New Zealand artist of Tongan descent

Benjamin Work (born 1979, Auckland, New Zealand) is an artist from New Zealand with Tongan and Scottish heritage. He is well known for his paintings, murals and sculptures inspired by his genealogy back to Tonga.

== Work ==
Drawing on his Tongan heritage, Work began to explore new directions in his art over the last decade. Inspired by the iconography found on Tongan treasures such as ngatu (bark cloth), fala (Tongan mats), and 'akau tau (war clubs), his refined, graphic paintings aimed to find new spaces and ways for audiences to engage with Tonga's visual culture. Work's art found a home both inside institutions and on the streets.

Work has developed a deep interest in and conducted extensive research on aspects of Tongan history and culture, and reuses Tongan traditions and symbols into his artwork. Work is part of the urban art movement and has exhibited in Australia, Mexico, New Zealand, United States, Cook Islands, and Tonga. In 2015, Work co-curated a display at the Auckland Museum with portraits from Tonga representing the royal lines of Tu’i Tonga, Tu’i Ha’atakalaua and Tu’i Kanokupolu.
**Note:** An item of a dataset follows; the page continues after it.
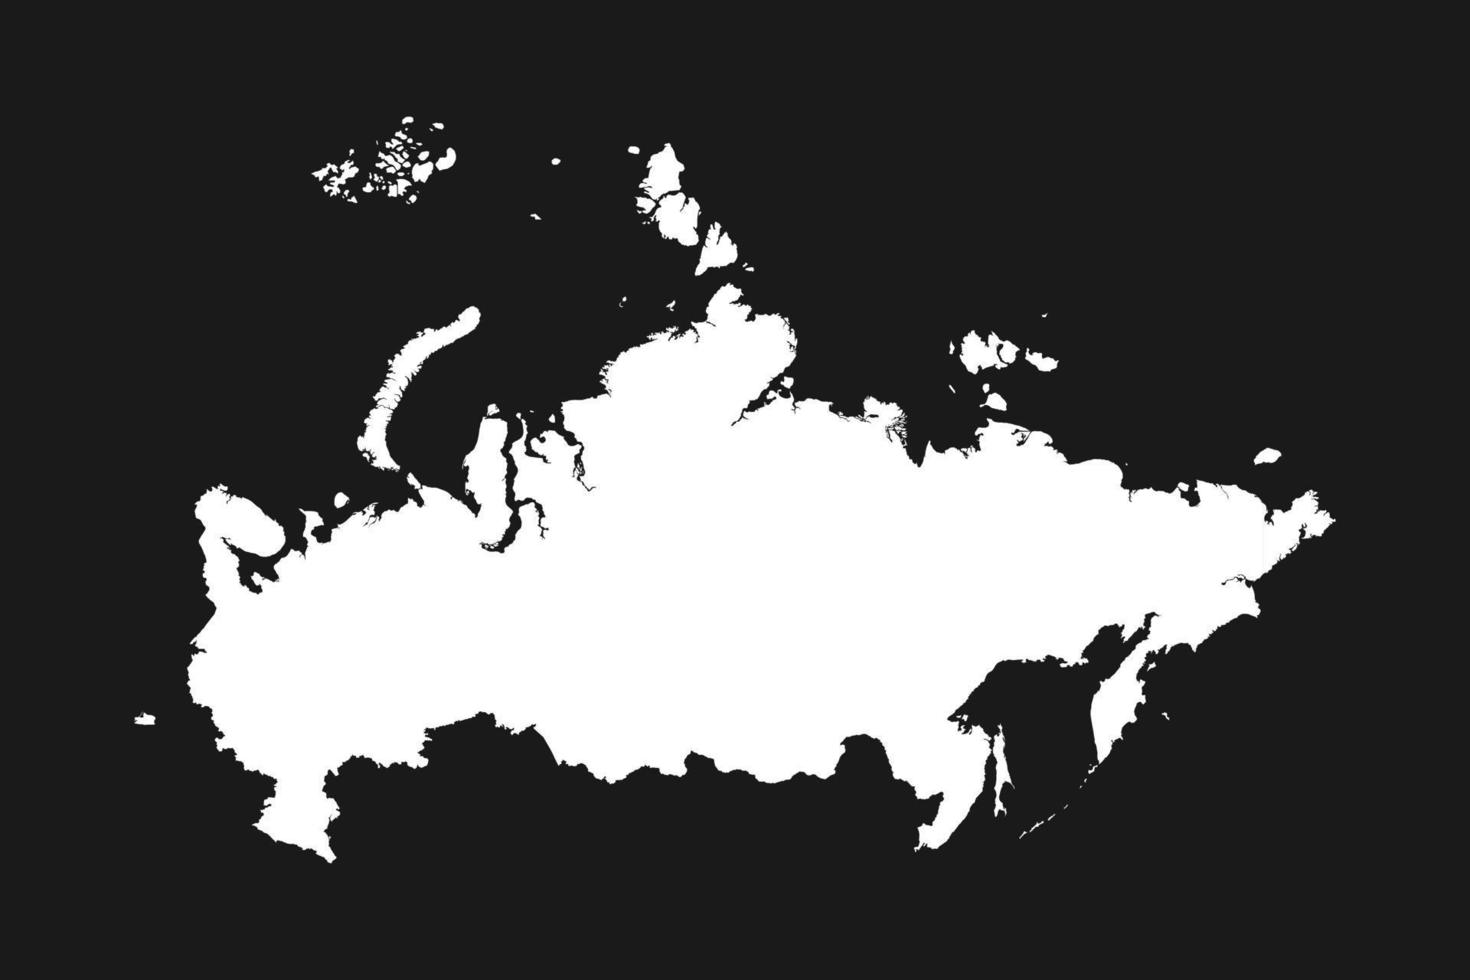 mappa della russia illustrazione vettoriale su sfondo nero

In 2021, he created a big 330-square-metre mural Motutapu II across the floor and up two walls of Canterbury Museum inspired by the distinctive carved patterns on Tongan ‘akau tau (war clubs) in the museum’s collection.

== Awards ==

- 2024: Fatu Feu’u Pacific Arts Prize from University of Auckland

== Selected residencies ==

- 2025: Matafatafa Aho Pacific Artist in Residency, Auckland Museum
- 2024: McCahon House Residency, Auckland, New Zealand
- 2019: Artist in Residence, Para Site, Hong Kong

== Selected solo and collaborative exhibitions ==
Work's work are held public and private collections throughout New Zealand, such as in Auckland Museum, Canterbury Museum, and The Arts House Trust.
- 2026: PĀPAAKI, 25th Biennale of Sydney, Chau Chak Wing Museum, Sydney, Australia
- 2025: Animal, Vegetable, Mineral, Gow Langsford Gallery, Onehunga, Auckland
- 2023: Bodies of Water, Made of Land (with Harrison Freeth), Te Tuhi, Auckland, New Zealand
- 2023: Bodies of Water (with Harrison Freeth), Canterbury Museum, Christchurch, New Zealand
- 2021: MOTUTAPU (with Brendan Kitto), Te Uru, Auckland, New Zealand
- 2022: Toa Motu, Bergman Gallery, Auckland, New Zealand
- 2018: Benjamin Work: Write it on the land, Seal it on the heart, Te Tuhi, Auckland, New Zealand
- 2017: Whenua Fonua 'Enua, Malcolm Smith Gallery, Auckland, New Zealand
- 2017: Return to Havaiki (with Andy Leleisi’uao), Bergman Gallery, Rarotonga, Cook Islands
- 2016: METfriday, The Metropolitan Museum of Art, New York City, United States of America
- 2016: For King and Country, Bergman Gallery, Rarotonga, Cook Islands
- 2015: Ma'ae Tu'i mo e Fonua, Māngere Arts Centre, Auckland, New Zealand
- 2015: Toutoutā, Olivia Laita Gallery, Auckland, New Zealand
- 2014: I See Red, I See Red, I See Red, Fresh Gallery, Otara, Auckland, New Zealand

== Selected group exhibitions ==

- 2023: Horizon, Bergman Gallery, Auckland, New Zealand
- 2023: Tukufakaholo – Tongan Contemporary, Bergman Gallery, Auckland, New Zealand
- 2022: Te Atuitanga – Beneath our Cloak of Stars, Bergman Gallery, Auckland, New Zealand
- 2021: The Most Dedicated, Dowse Art Museum, Wellington, New Zealand
- 2015: PGP, AMbush Gallery, Sydney
- 2013: If These Walls Could Talk, TSB Bank Wallace Arts Centre, Auckland, New Zealand
- 2013: Serigraph show, Olivia Laita Gallery, Auckland
- 2011: Primary Flight, Art Basel, Miami, United States of America

== Publications ==
- Work, Benjamin (2022). "Motutapu"
- Work, Benjamin (2017). "Whenua Fonua 'Enua"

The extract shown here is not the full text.